=== Source material ===
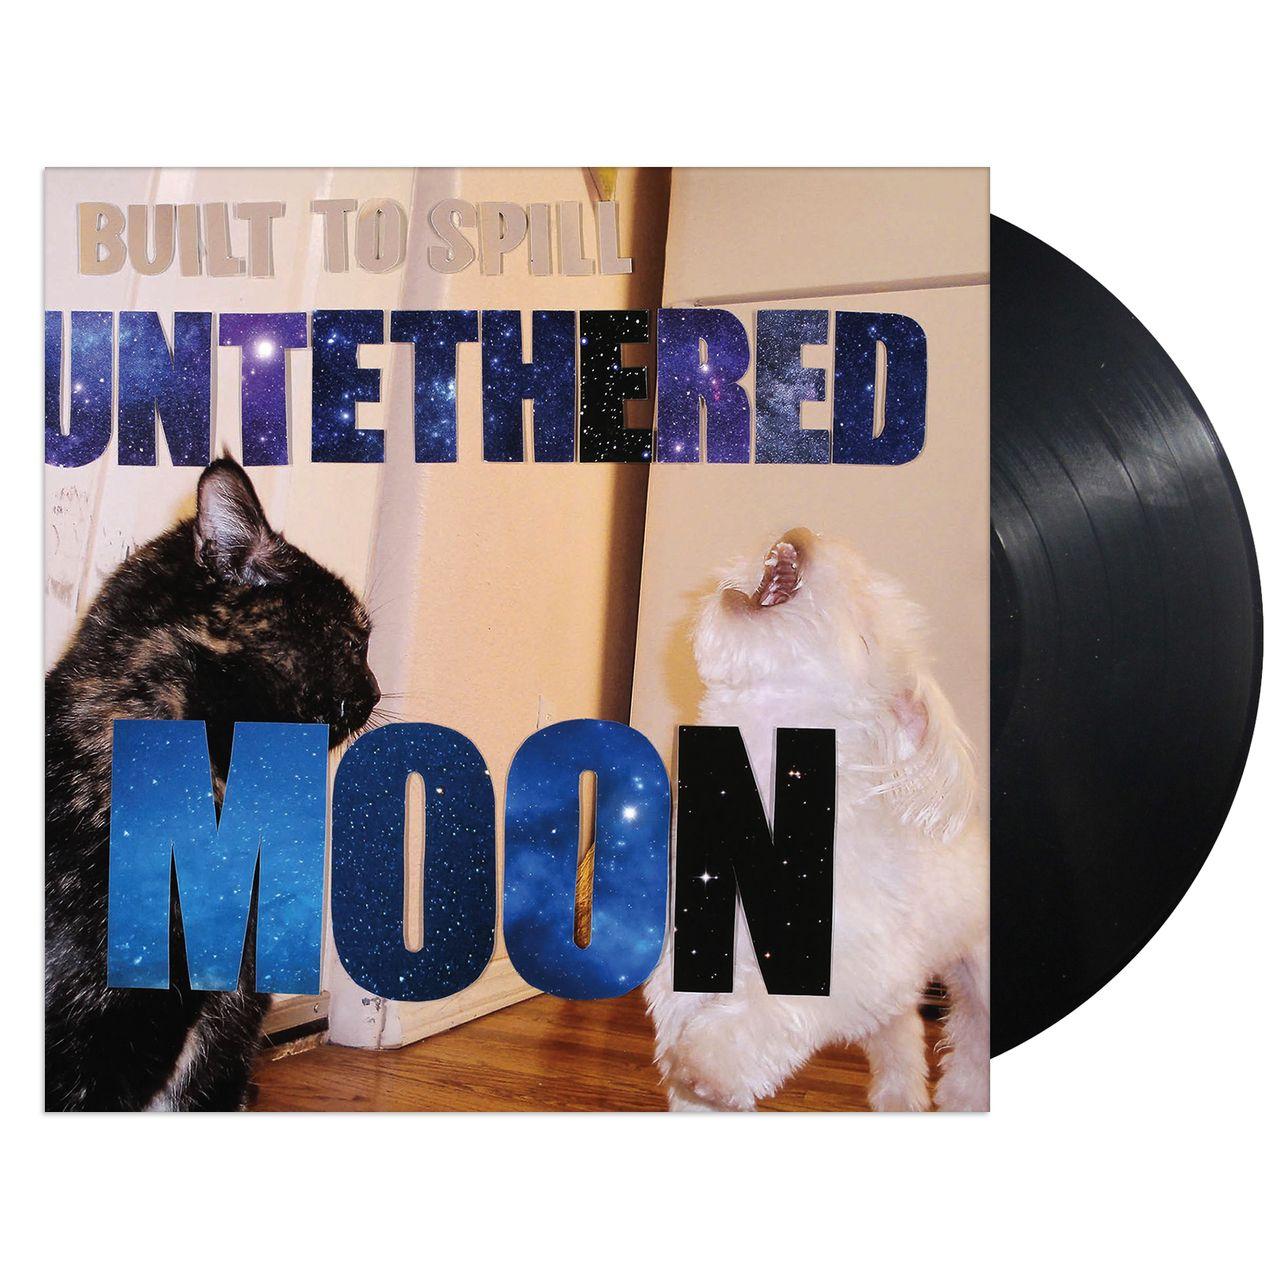 Lazy Labrador Records Built To Spill Untethered Moon Vinyl Lp Black 19 89 Http Lazylabradorrecords Com Built Built To Spill Record Store Lp Vinyl
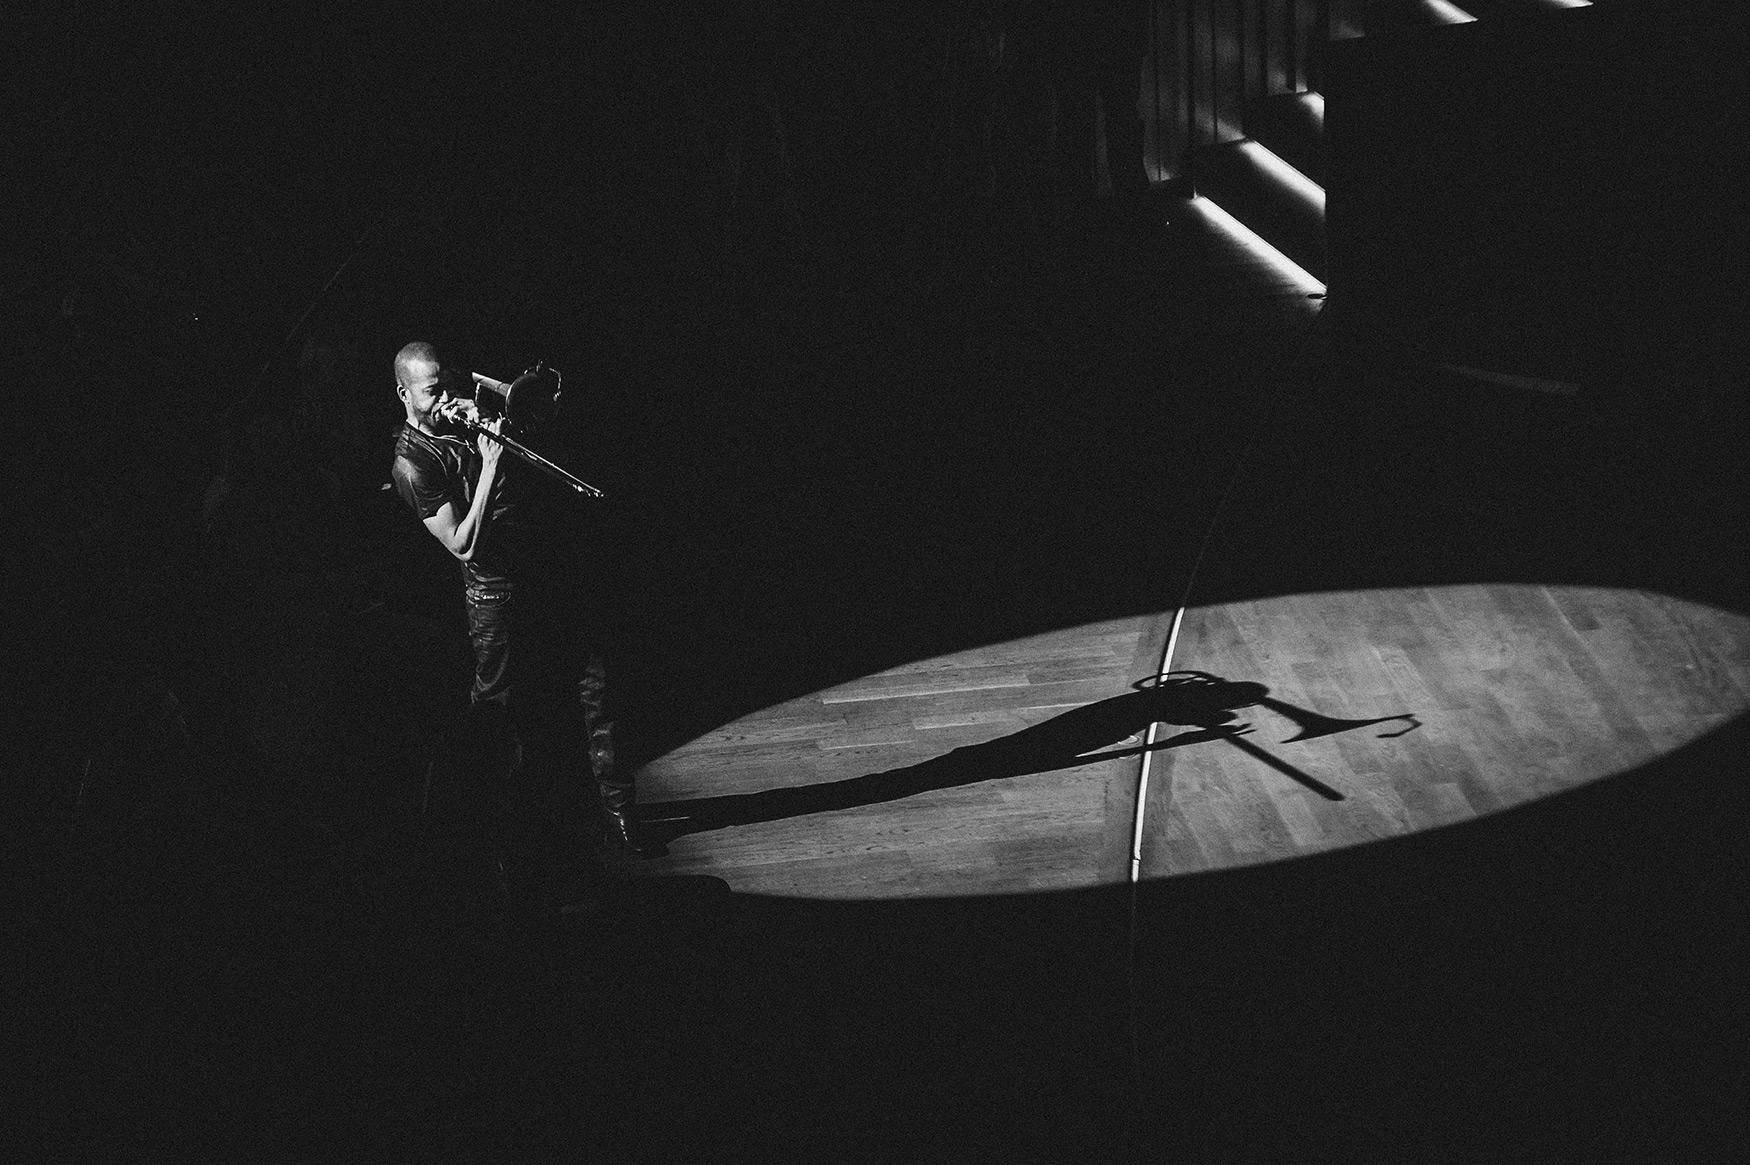 Fot. Piotr Banasik
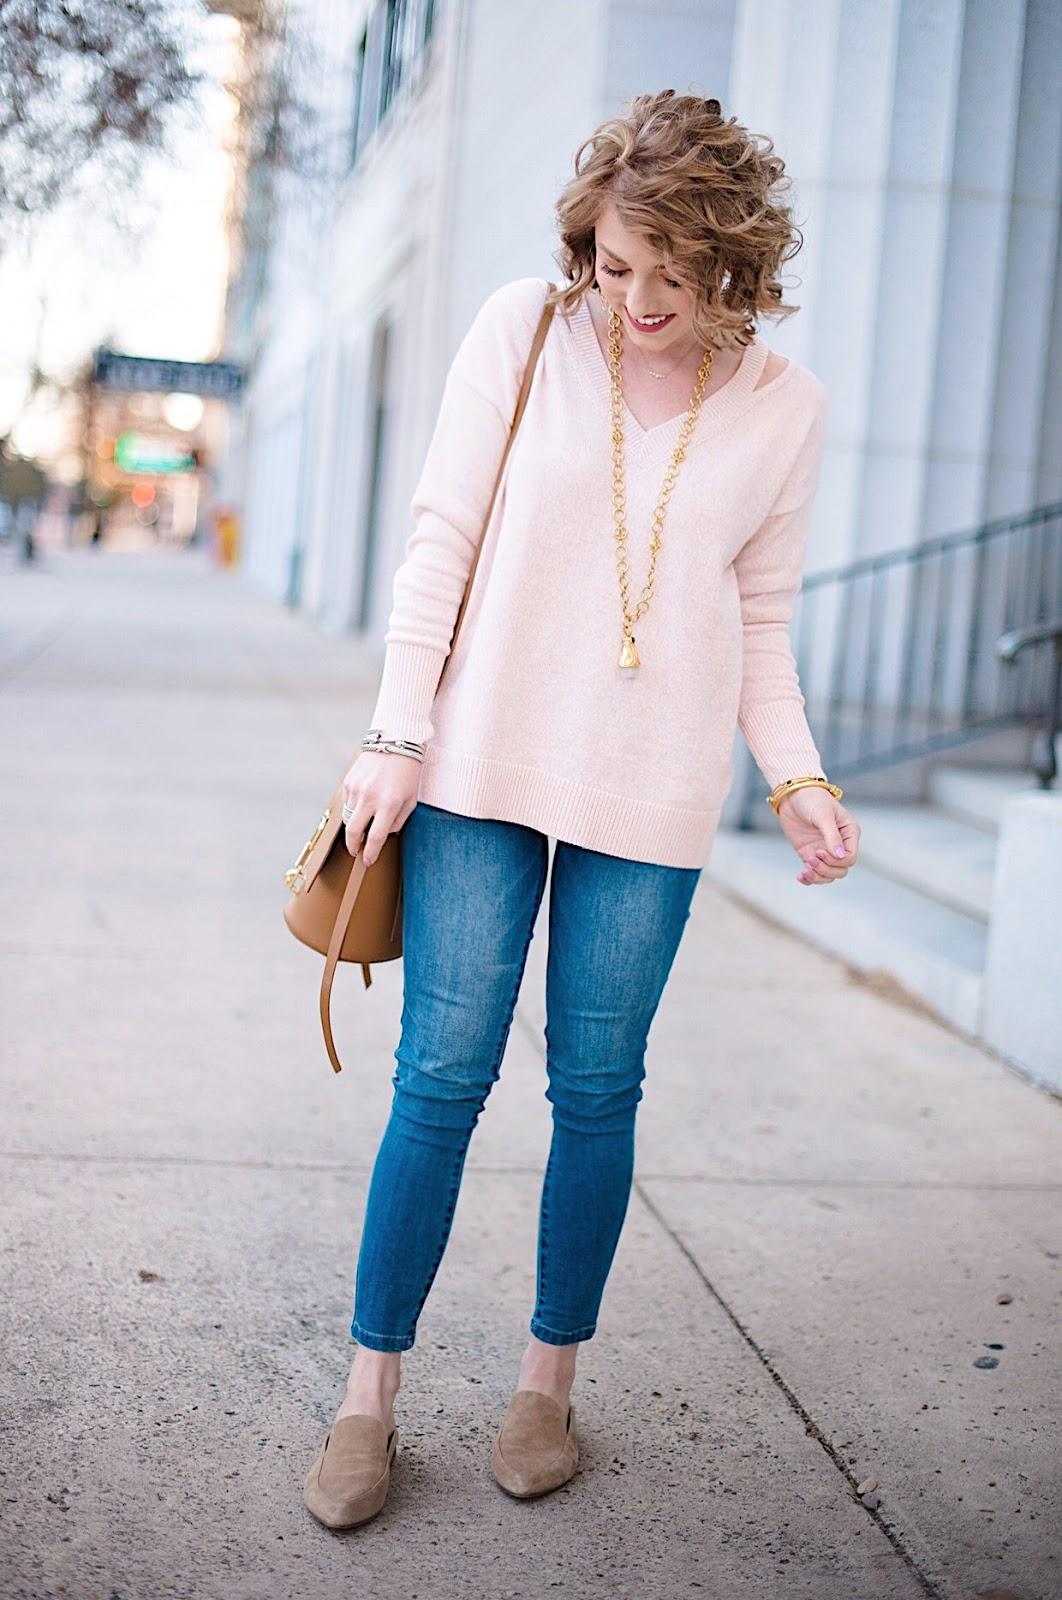 Everyday Winter Style - Something Delightful Blog

=== Assignment ===
For this exercise, repeat word for word only the lines from the one containing "Fot. Piotr Banasik" through the end of the data, including both. Pictures do not go in the copy.

=== Answer to the exercise ===
 Fot. Piotr Banasik
 Everyday Winter Style - Something Delightful Blog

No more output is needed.